Giving new meaning to the phrase "poetry slam," Derek Walcott read a poem called "The Mongoose" at the the Calabash Literary Festival in Jamaica last week. The subject of the poem is none other than Walcott’s fellow Caribbean writer and long-time nemesis, VS Naipaul. Walcott’s poem begins with the lines, "I have been bitten, I must avoid infection/Or else I’ll be as dead as Naipaul’s fiction," and continues in rhyming couplets with a vitriol worthy of Alexander Pope:
Since he has made that snaring style a prison
The plots are forced, the prose sedate and silly
The anti-hero is a prick named Willie
Who lacks the conflict of a Waugh or Lawrence
And whines with his creator’s self-abhorrence
Naipaul was too busy insulting people at the Hay Festival in Wales (he informed one audience they were "ugly") to comment immediately on Walcott’s salvo.

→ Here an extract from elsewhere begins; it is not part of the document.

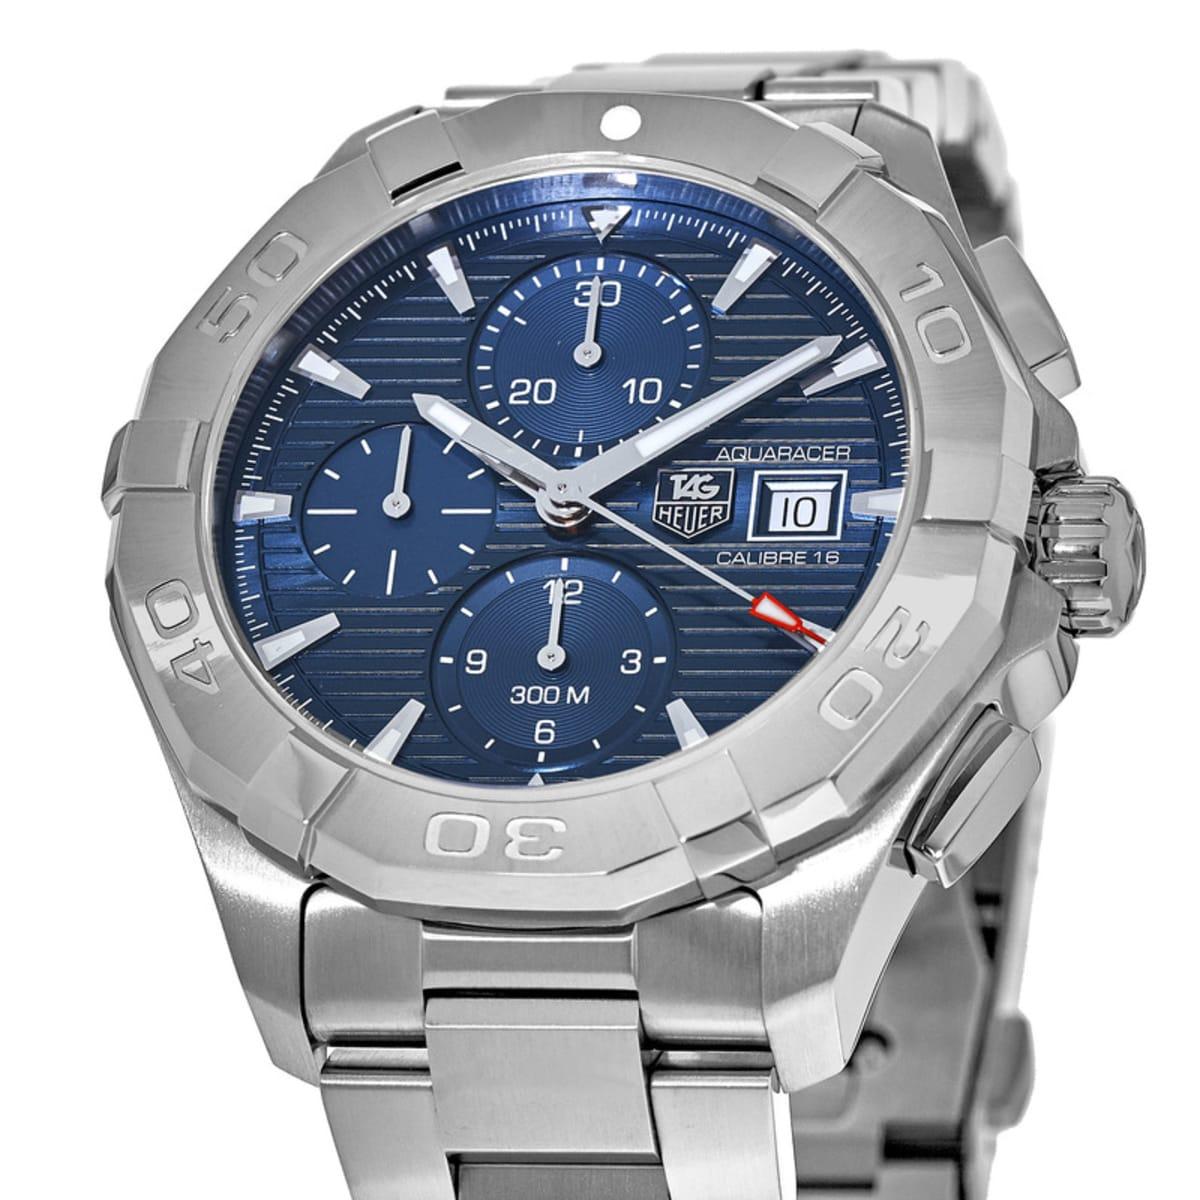 online retailer 6a1d4 667ce Tag Heuer Aquaracer 300M Automatic Chronograph Men's Watch CAY2112.BA0925
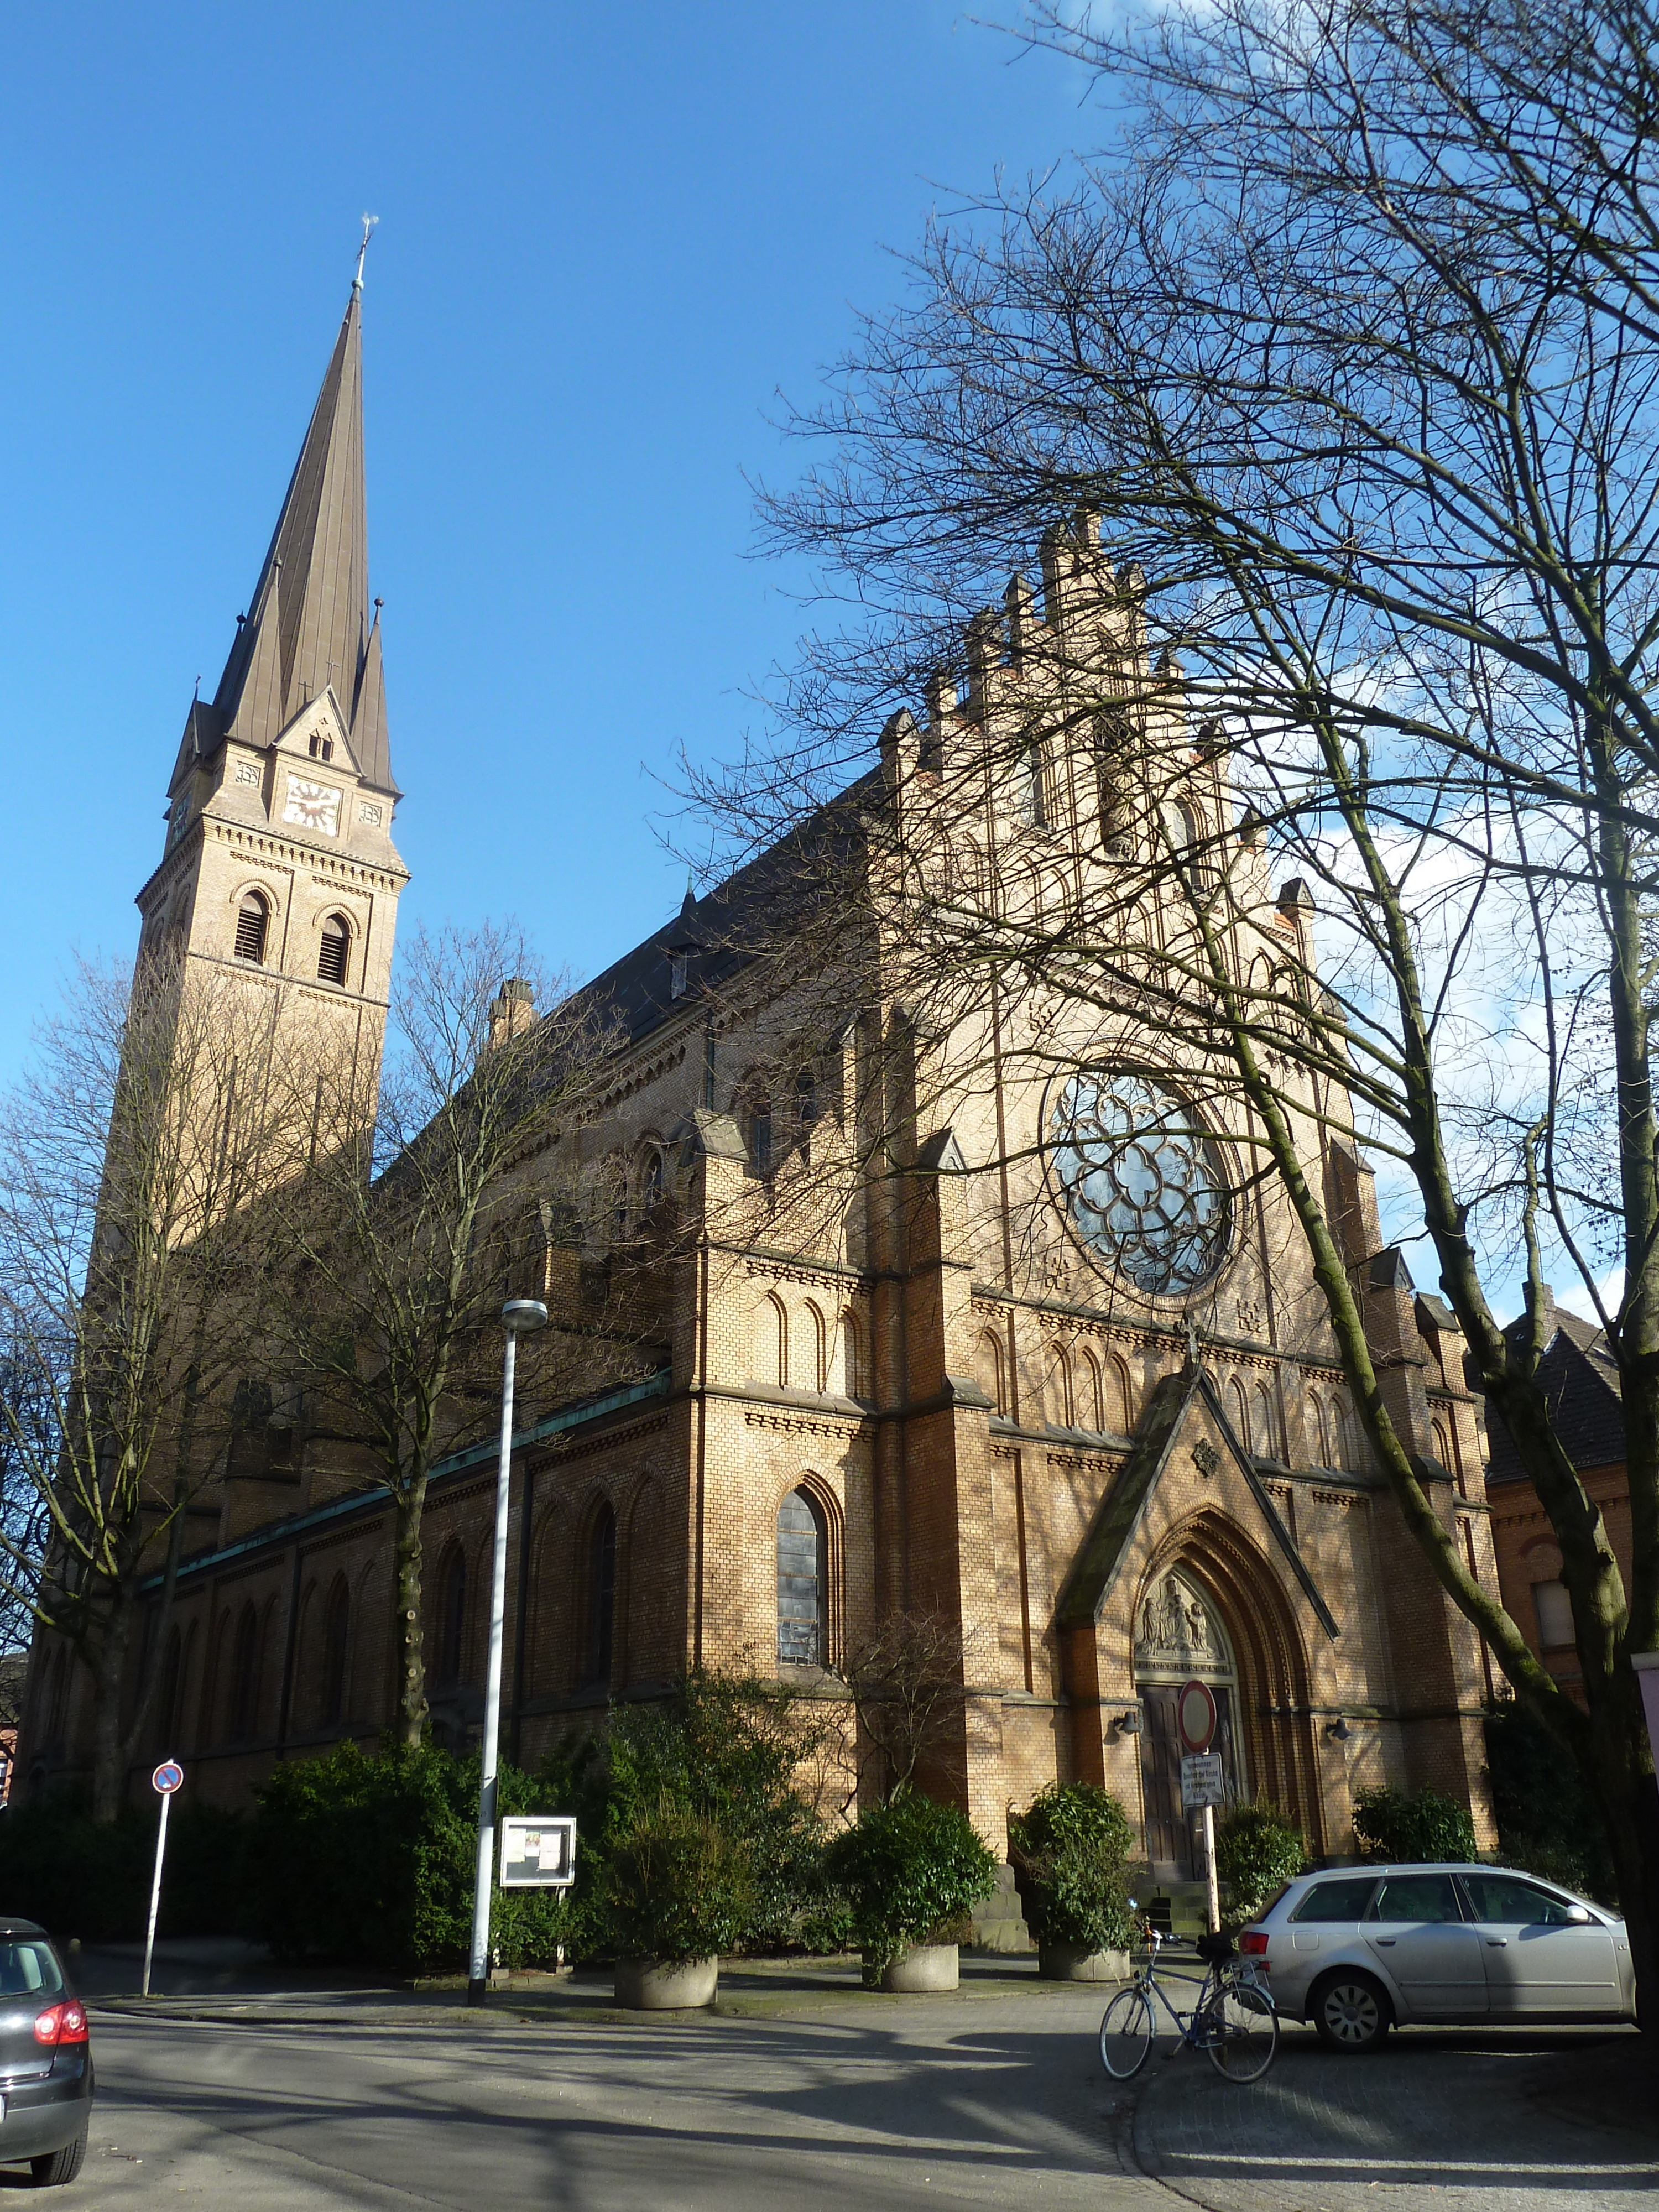 Katholische Kirche Mülheim An Der Ruhr

Naipaul seems to be on some sort of government grant to develop the most obnoxious personality he possibly can, so it seems unlikely that he’ll remain silent for long.
The British literary tradition, which Naipaul has ensconced himself with unseemly insistence, has a way of slapping its most odious practitioners upside the head. Alexander Pope seems to have written these lines from "An Essay on Criticism" (1711) specifically for Naipaul:
Of all the Causes which conspire to blind
Man’s erring Judgment, and misguide the Mind,
What the weak Head with strongest Byass rules,
Is Pride, the never-failing Vice of Fools.
Whatever Nature has in Worth deny’d,
She gives in large Recruits of needful Pride;
For as in Bodies, thus in Souls, we find
What wants in Blood and Spirits, swell’d with Wind;
Pride, where Wit fails, steps in to our Defence,
And fills up all the mighty Void of Sense!